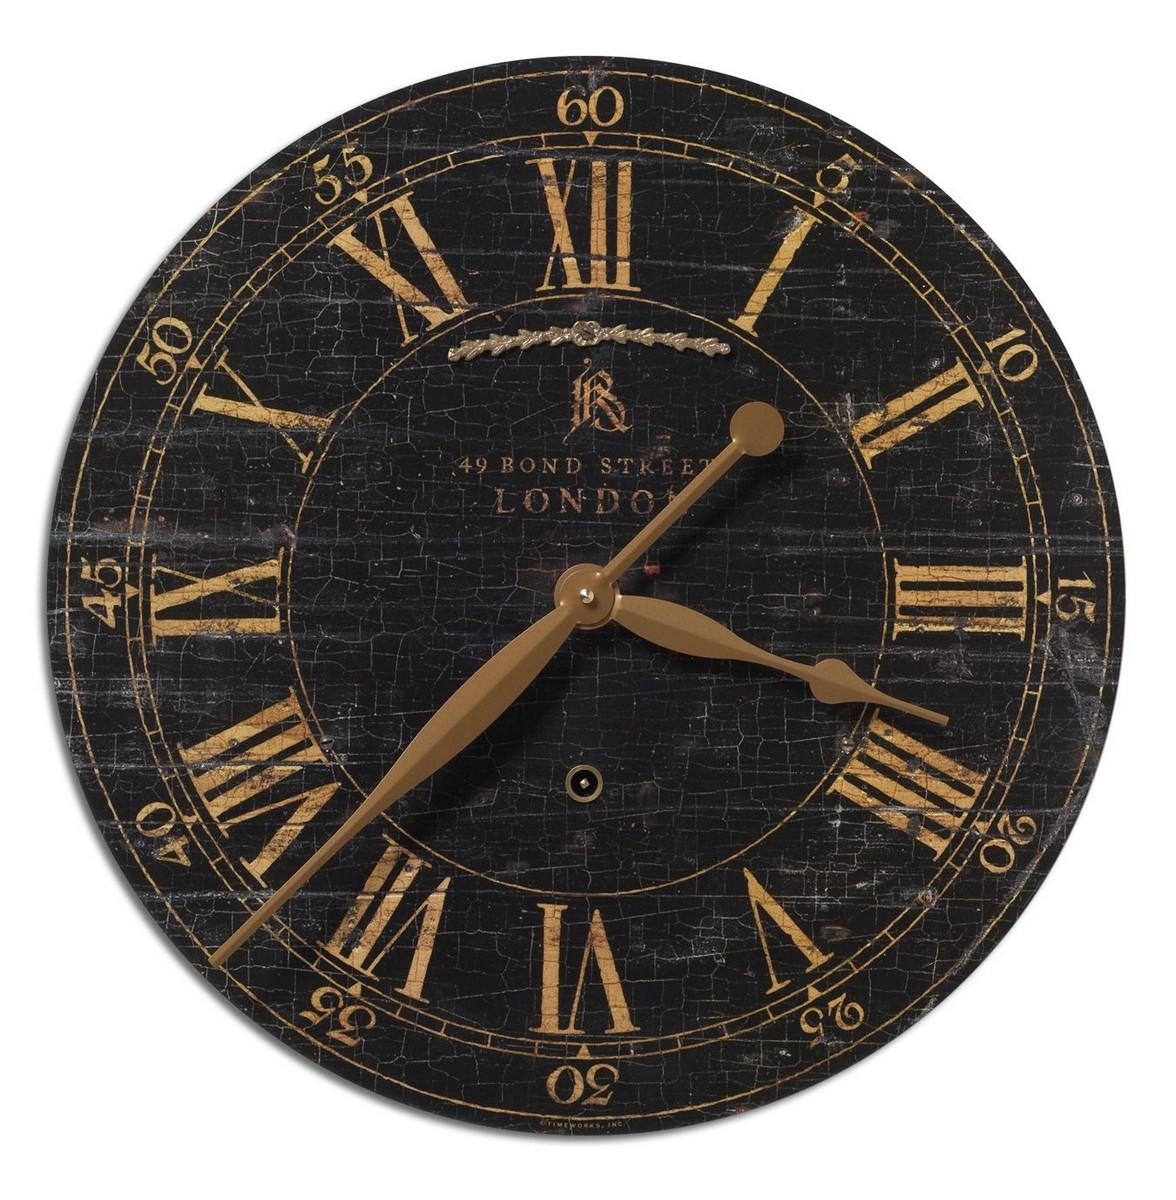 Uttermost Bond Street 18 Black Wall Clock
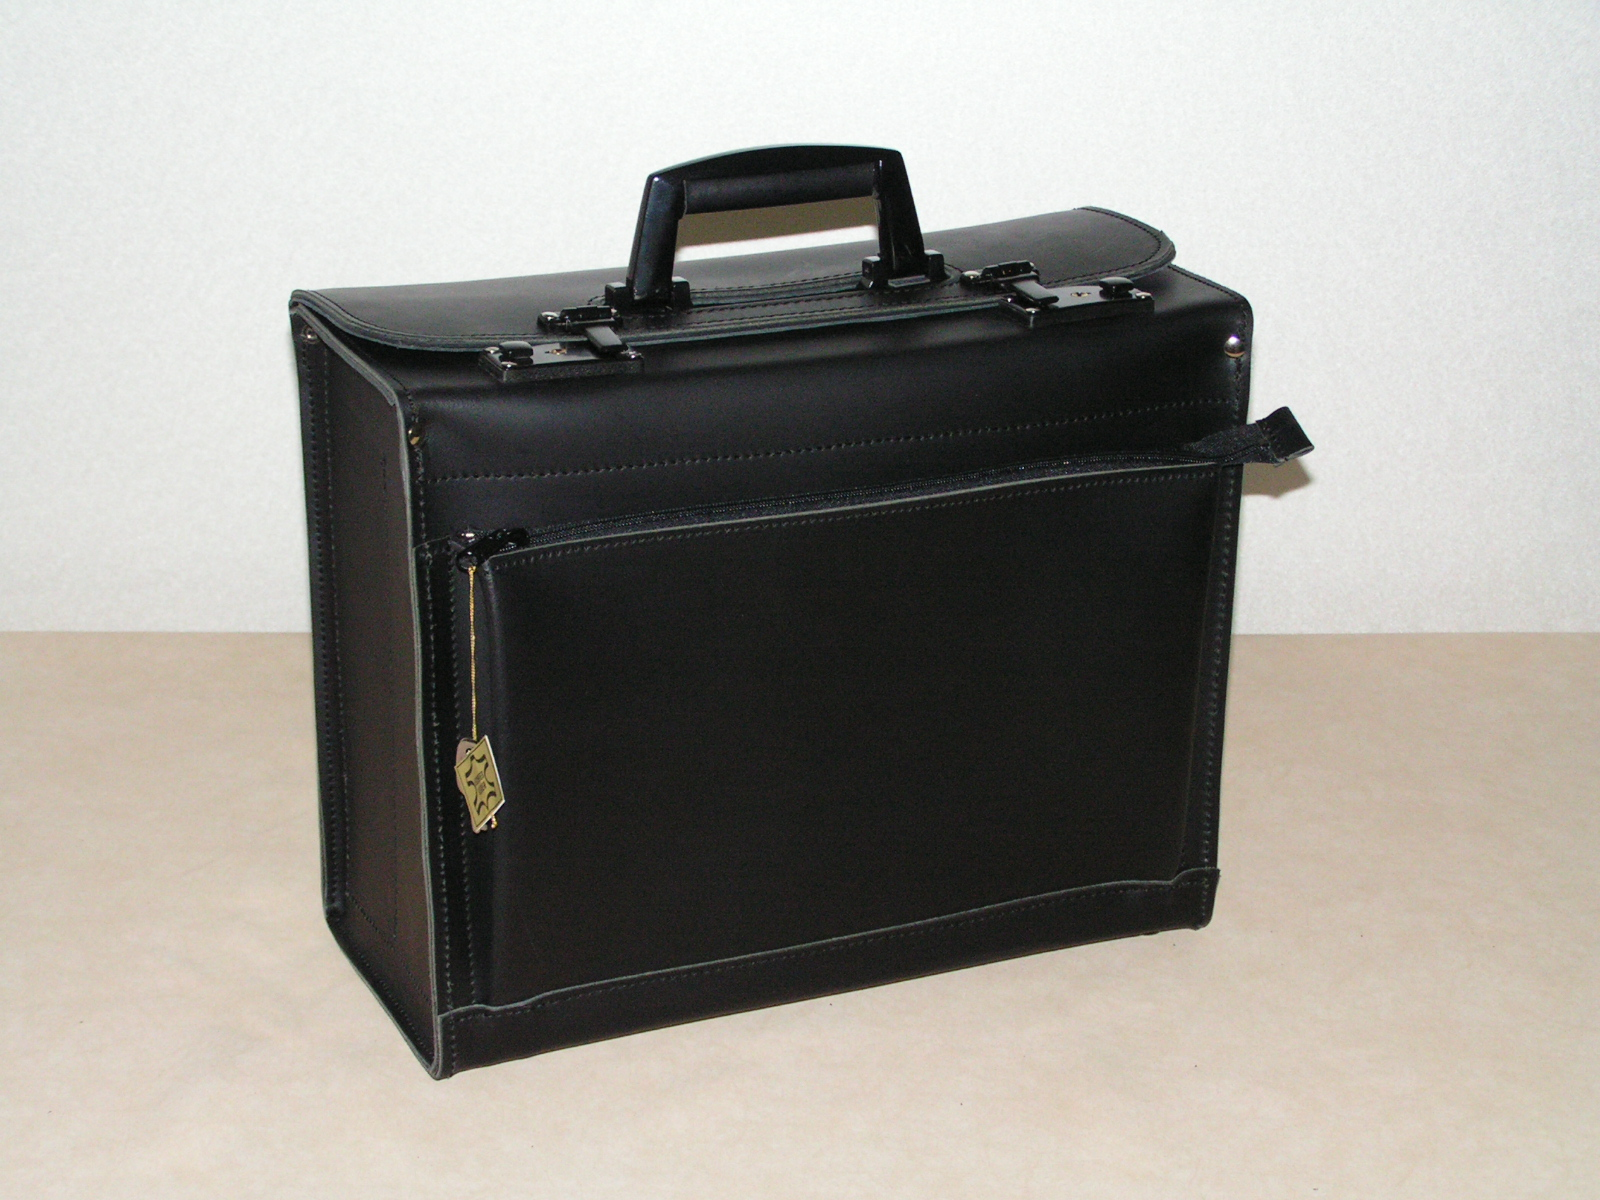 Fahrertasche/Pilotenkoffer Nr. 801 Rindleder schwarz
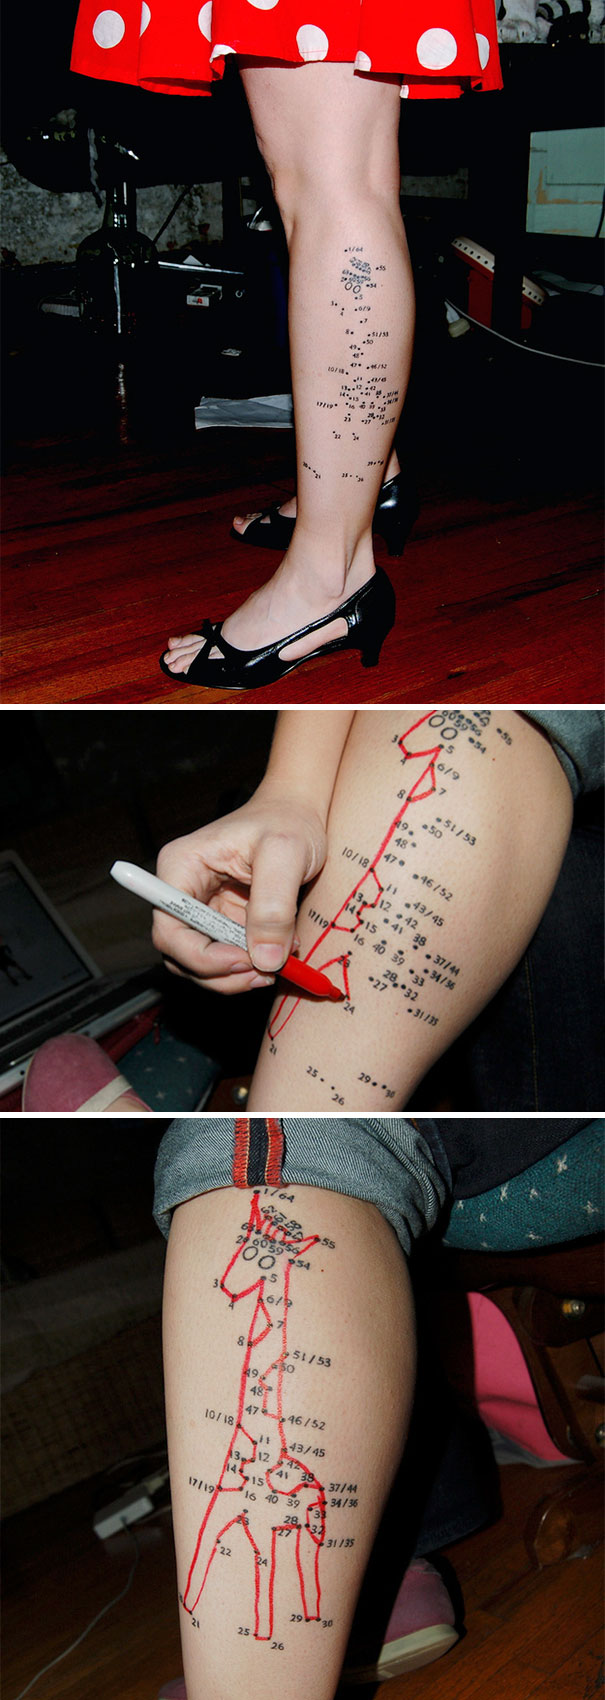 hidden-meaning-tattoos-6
☆ ☆ ☆ ☆ ☆
When you retype the data above, match every line exactly and leave the pictures behind.

 Uttermost Bond Street 18 Black Wall Clock
 Fahrertasche/Pilotenkoffer Nr. 801 Rindleder schwarz
 hidden-meaning-tattoos-6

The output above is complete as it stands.